▸ ABOUT THIS TASK:
Only the lines from the one that includes "ALAÏA F/W 1987" through the last line below belong in the reply, copied exactly and without pictures.

▸ RECORD SET:
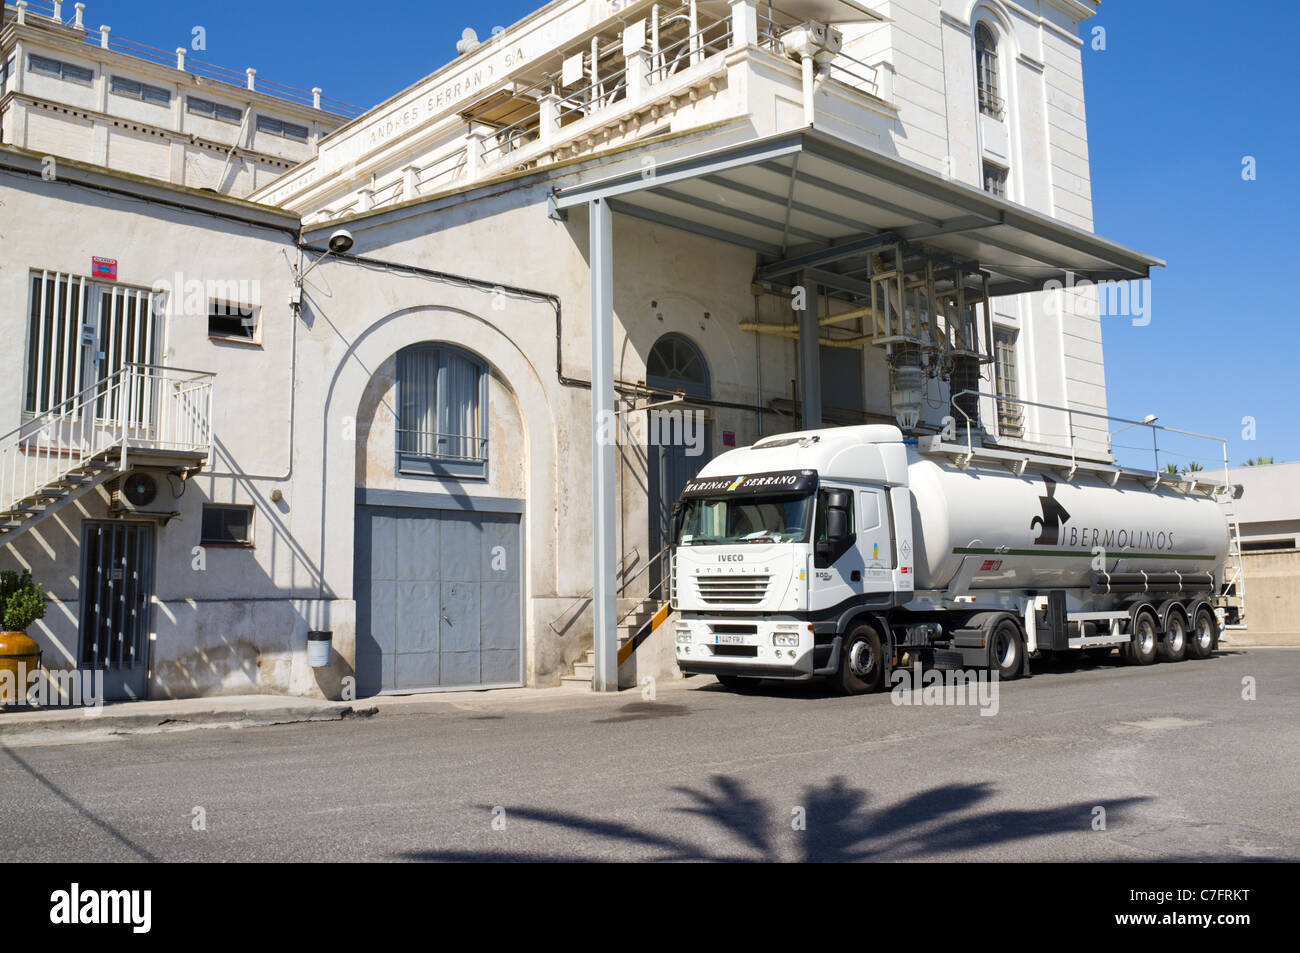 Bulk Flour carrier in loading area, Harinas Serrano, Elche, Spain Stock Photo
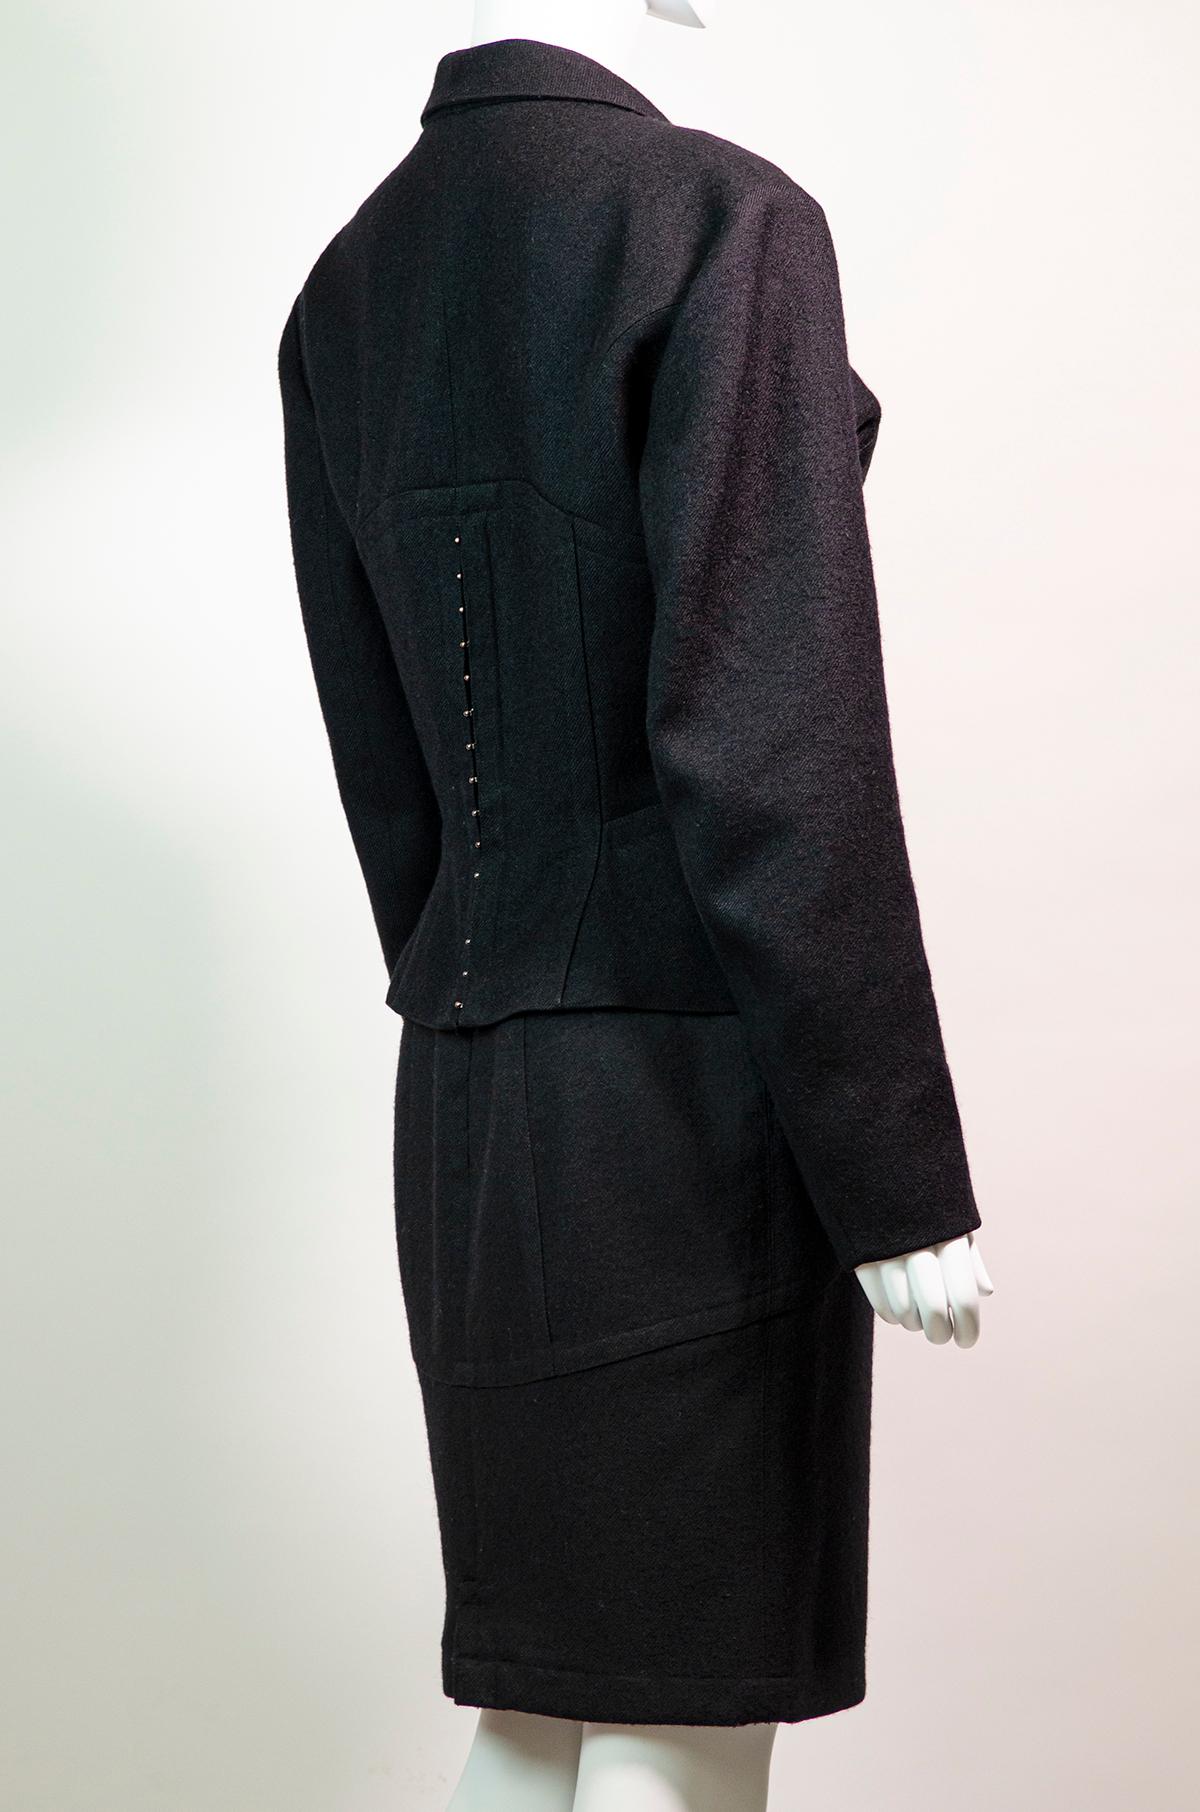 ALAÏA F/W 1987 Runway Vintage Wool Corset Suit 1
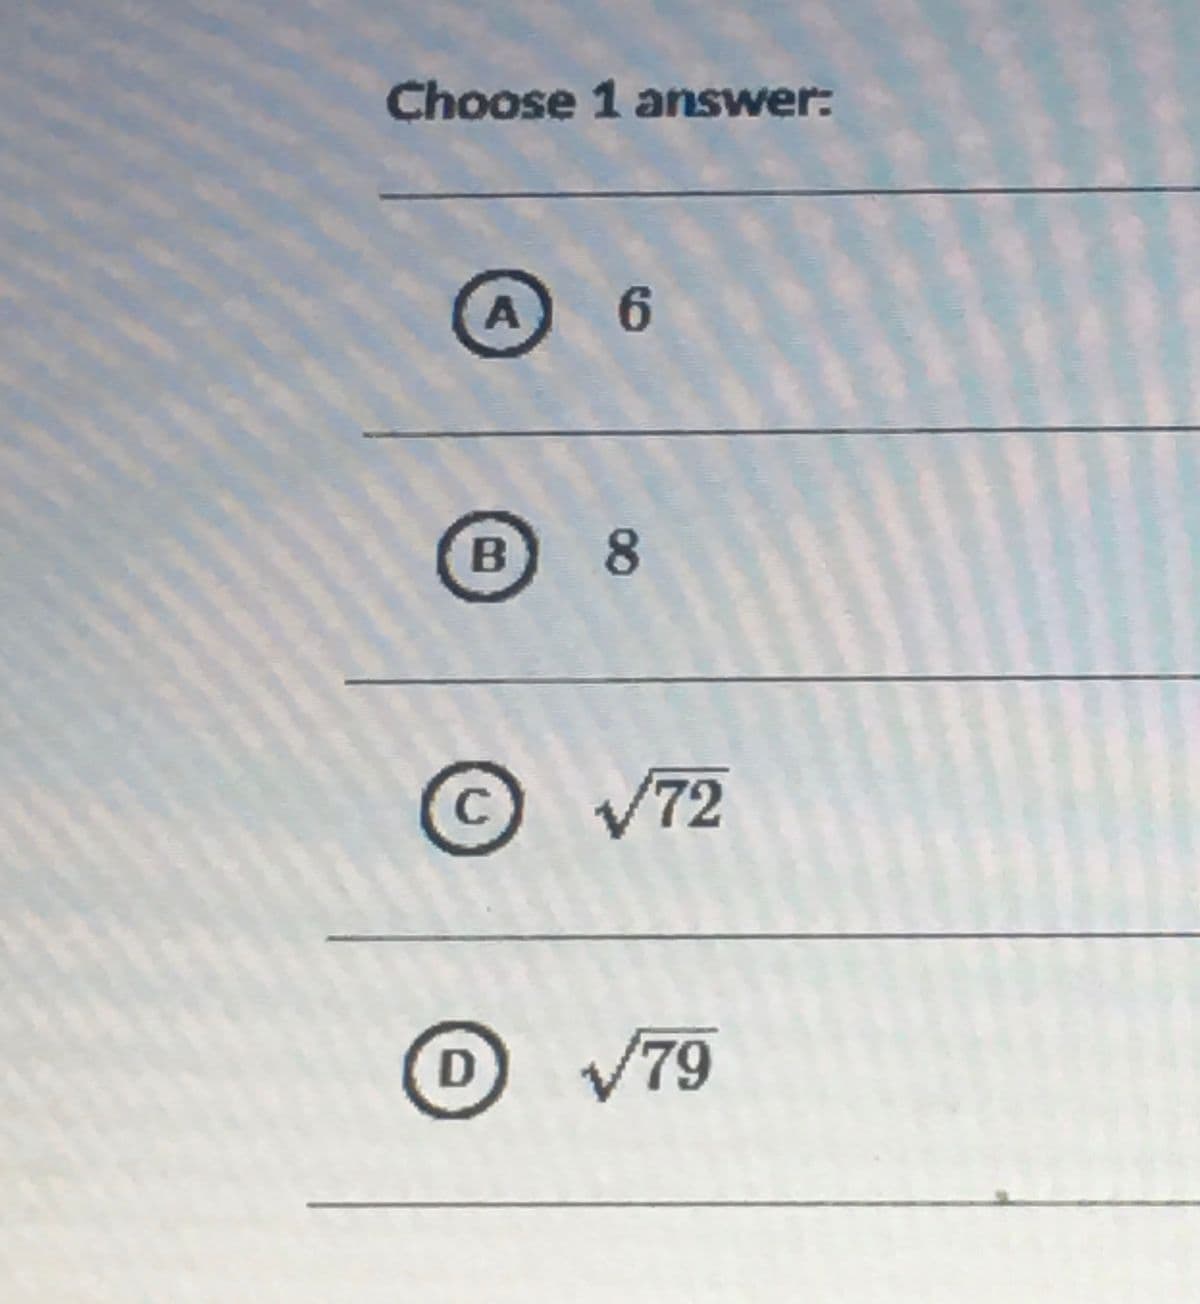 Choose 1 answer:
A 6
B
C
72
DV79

▸ SOLVED PROBLEM:
 ALAÏA F/W 1987 Runway Vintage Wool Corset Suit 1
 Choose 1 answer:
A 6
B
C
72
DV79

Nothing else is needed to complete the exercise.